■ **WORK REQUEST**
Nothing but the pictures may be dropped; the rest of the listing is to be written out exactly.

■ **PROVIDED DATA**
# # # # # # #

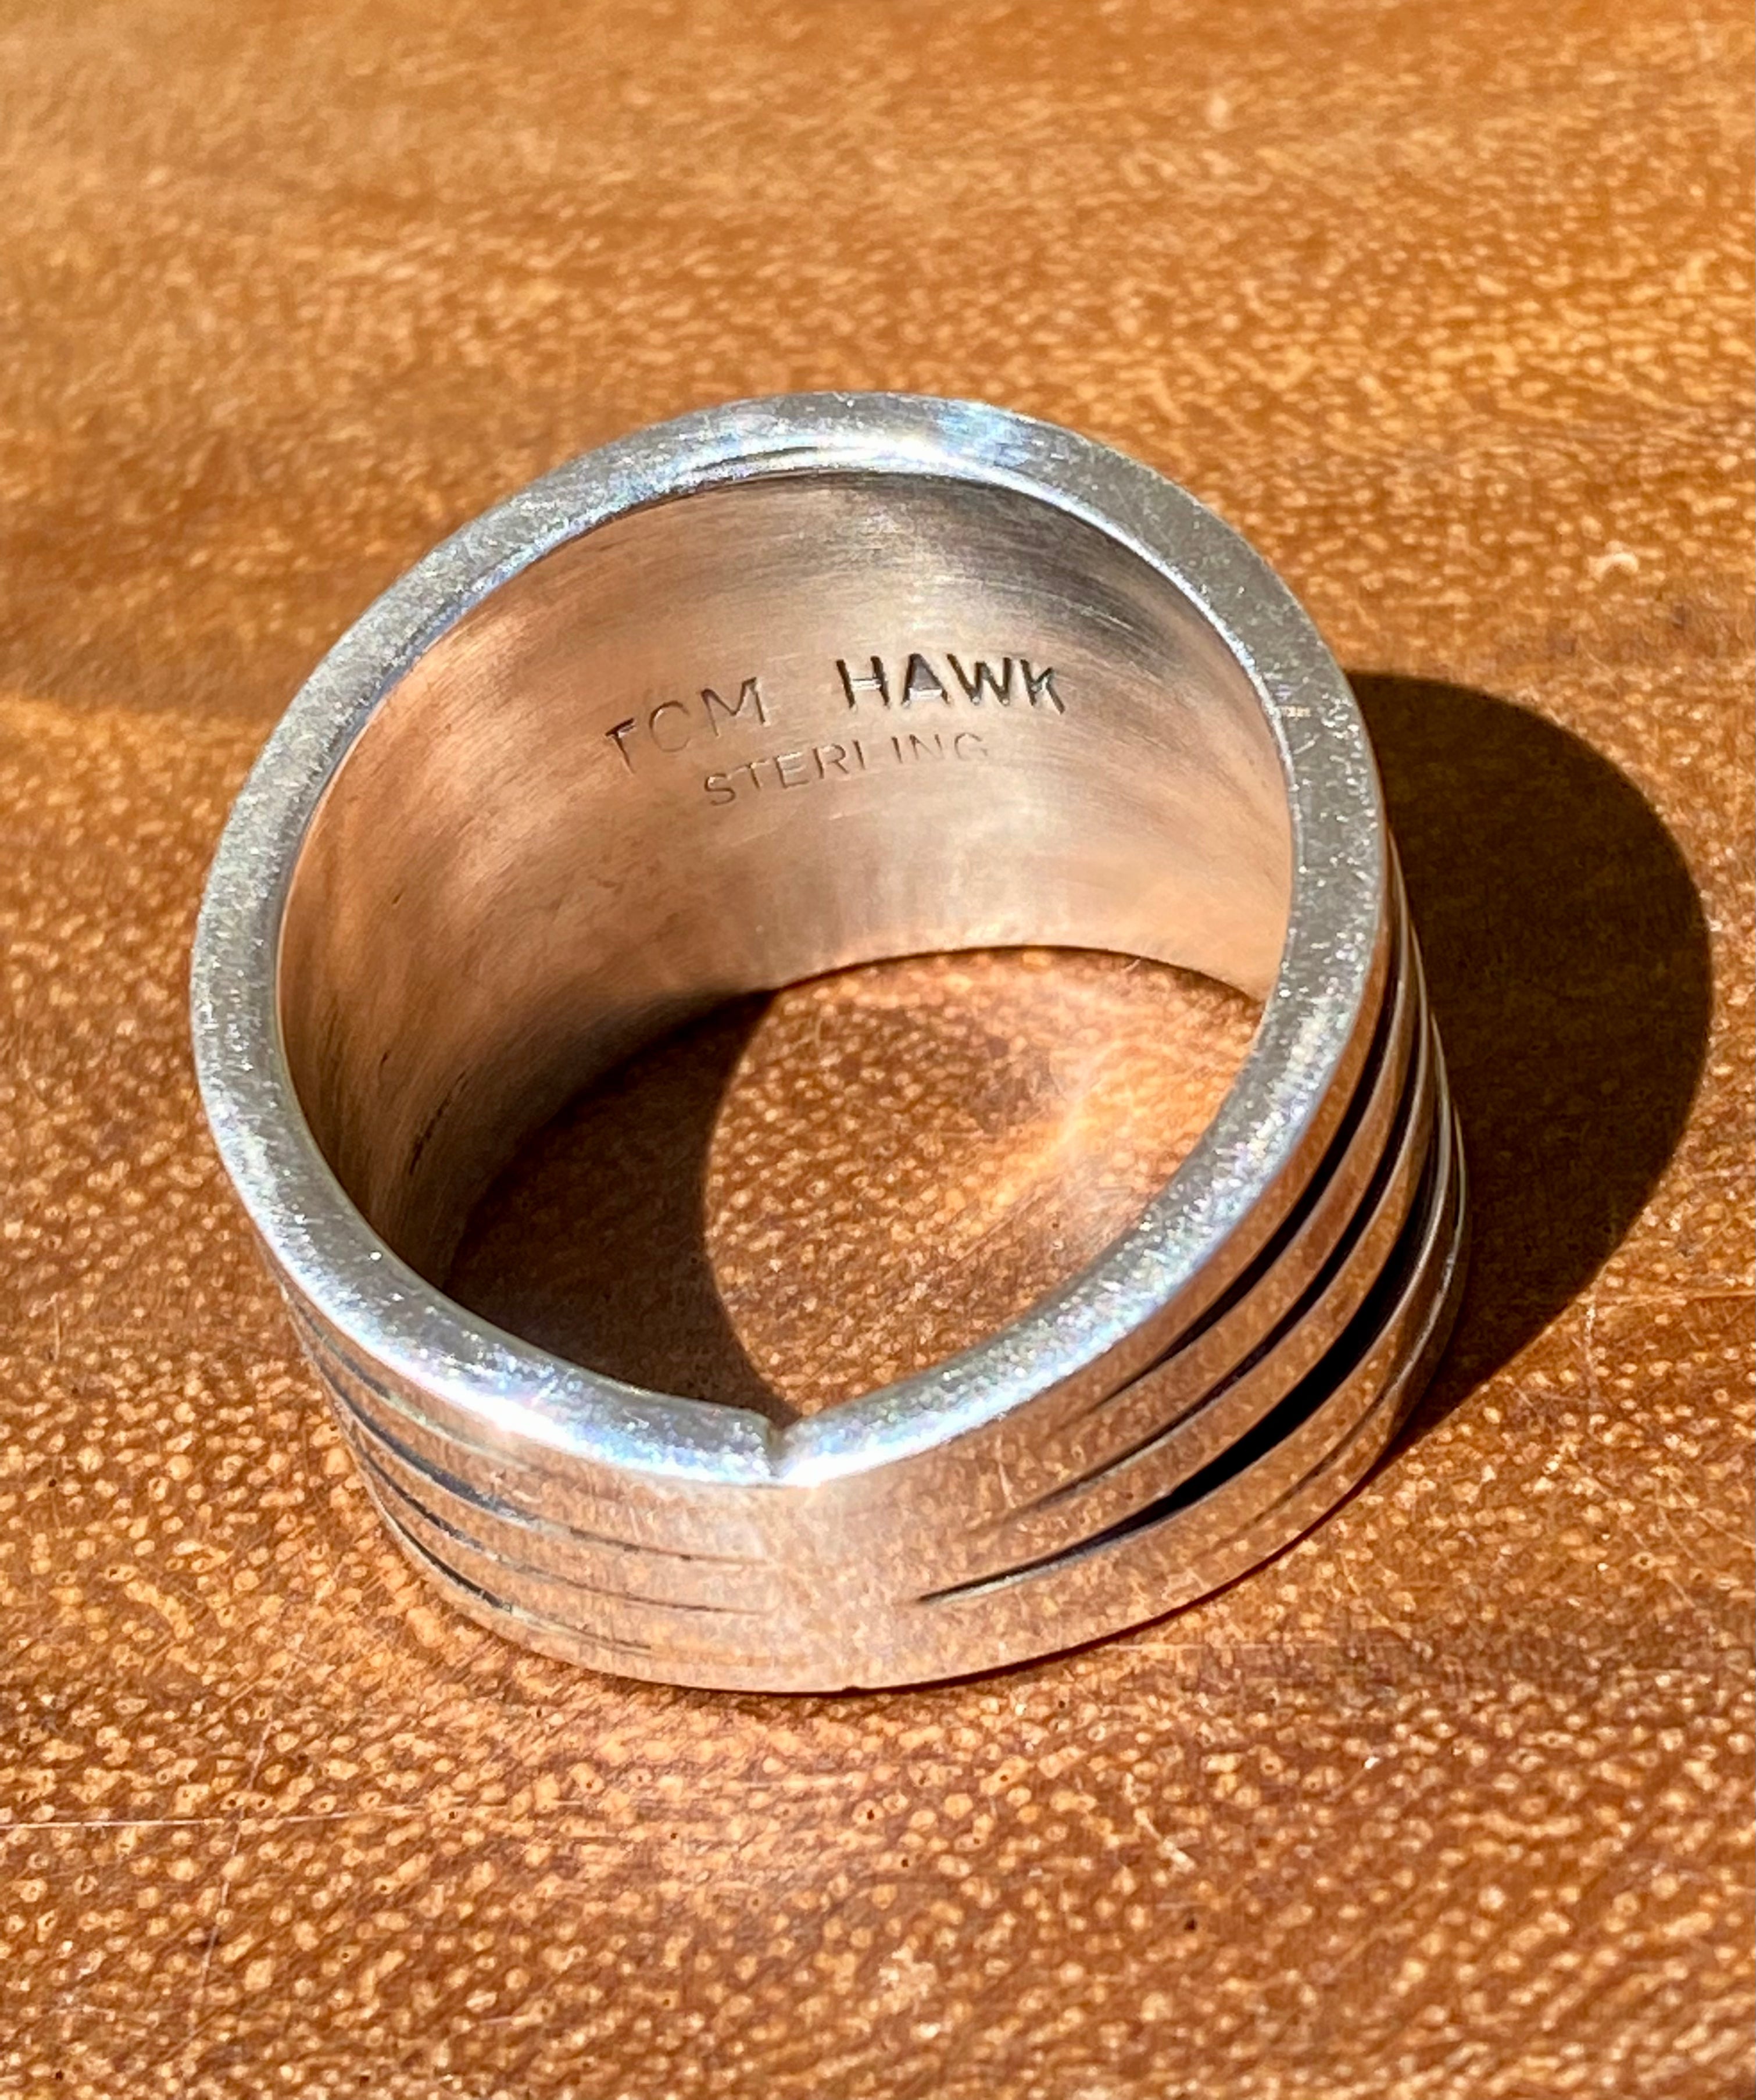 Tom Hawk Sterling Silver Ring Size 13
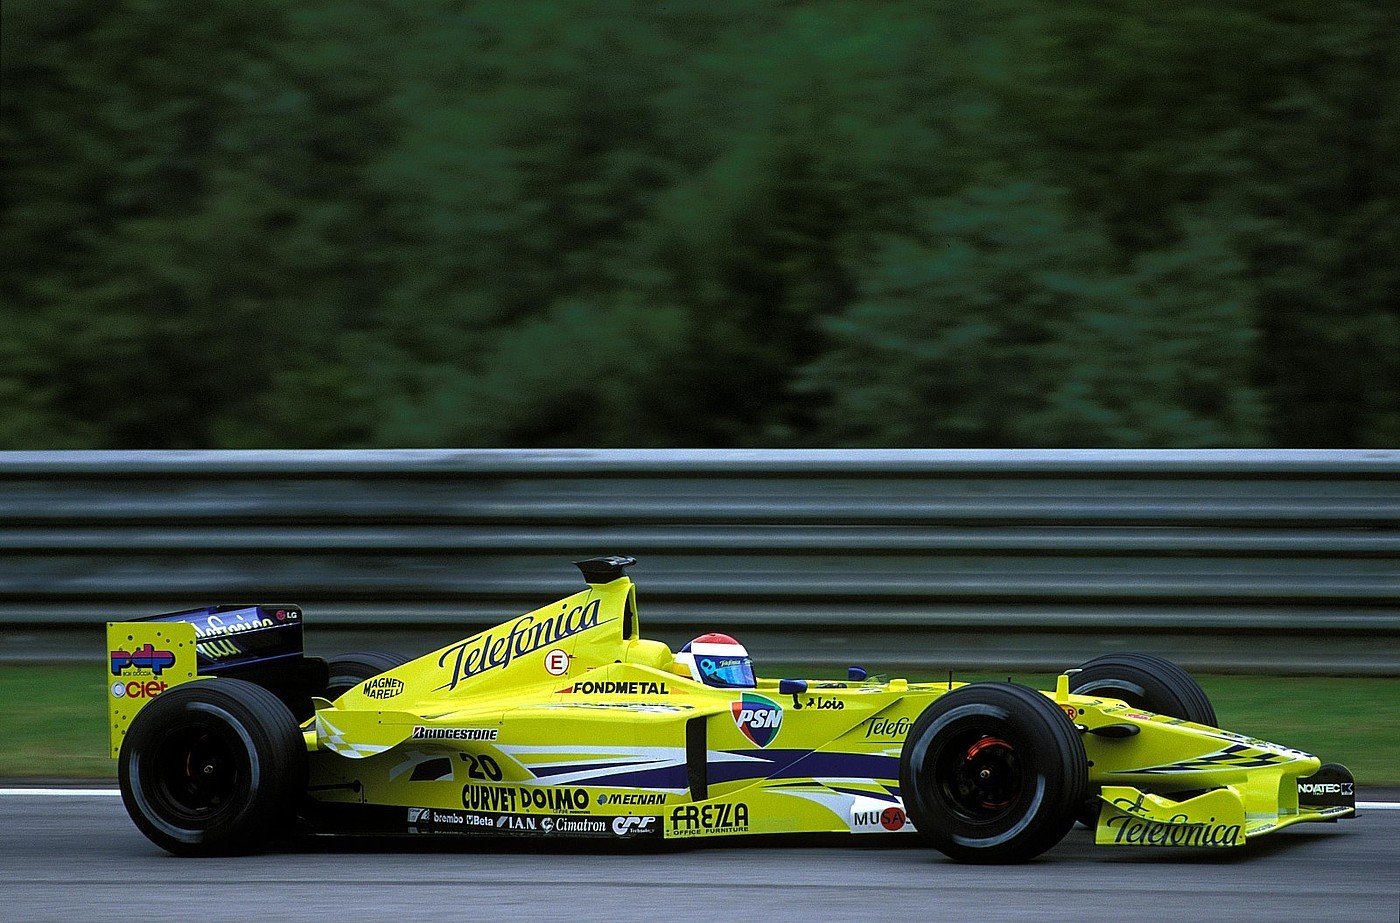 10 Austrian Grand Prix Austria A1-Ring, Spielberg minardi_m02.jpg
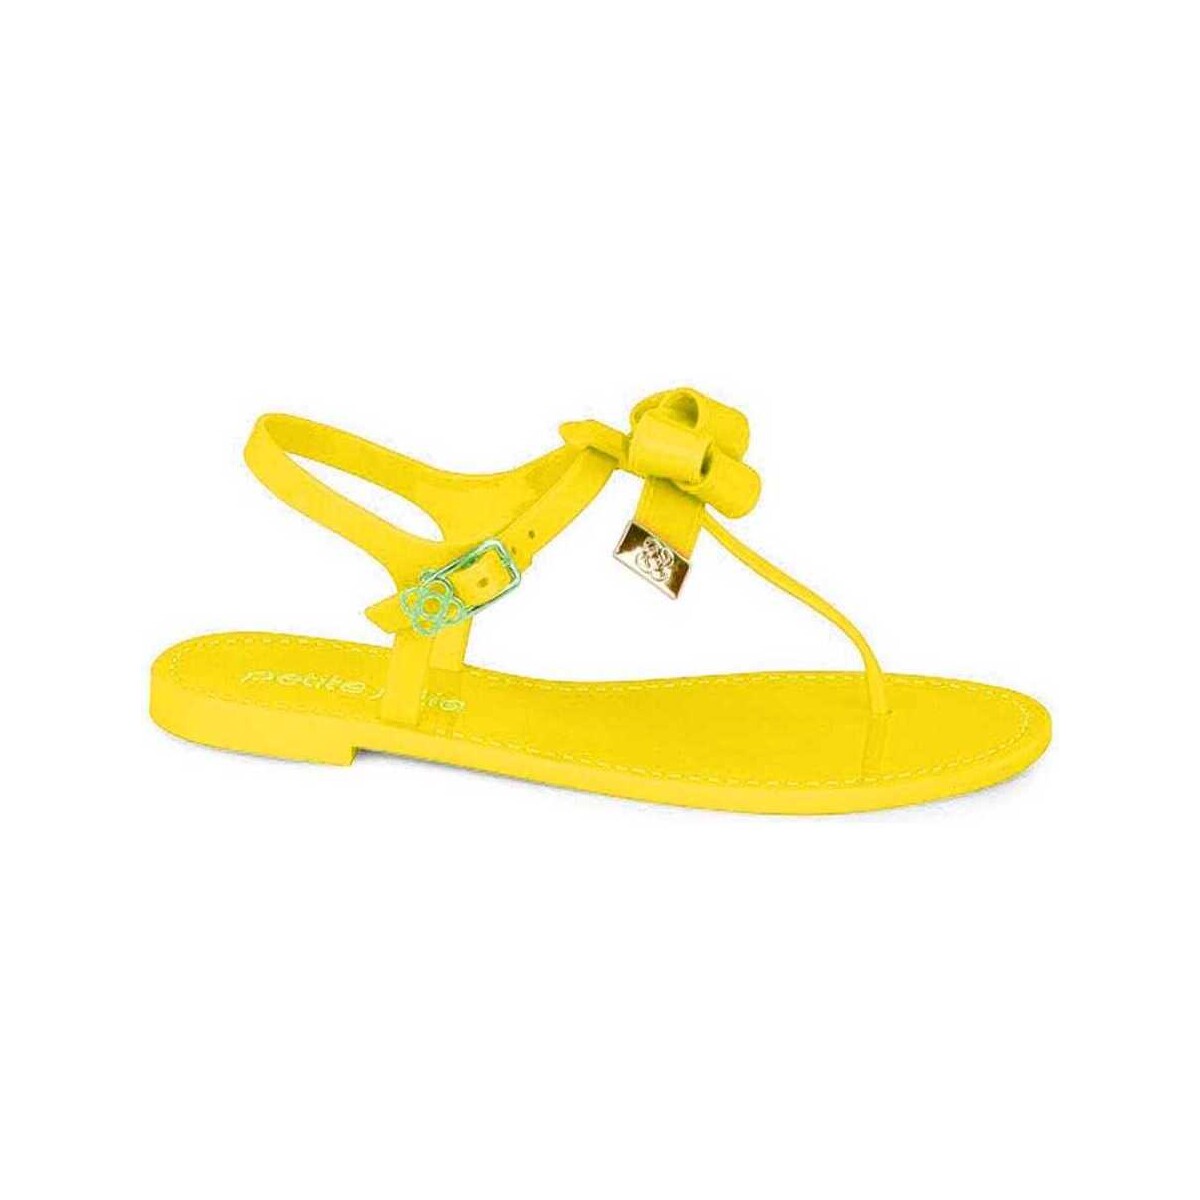 Sapatos Mulher Functies Crono CX0712570C shoes CG-1-21 MTB MTB-schoenen CX0712570C Shoes  By Parodi Yellow - 11/3732/01

# # # # # # #

■ **EXPECTED ANSWER**
 Tom Hawk Sterling Silver Ring Size 13
 10 Austrian Grand Prix Austria A1-Ring, Spielberg minardi_m02.jpg
 Sapatos Mulher Functies Crono CX0712570C shoes CG-1-21 MTB MTB-schoenen CX0712570C Shoes  By Parodi Yellow - 11/3732/01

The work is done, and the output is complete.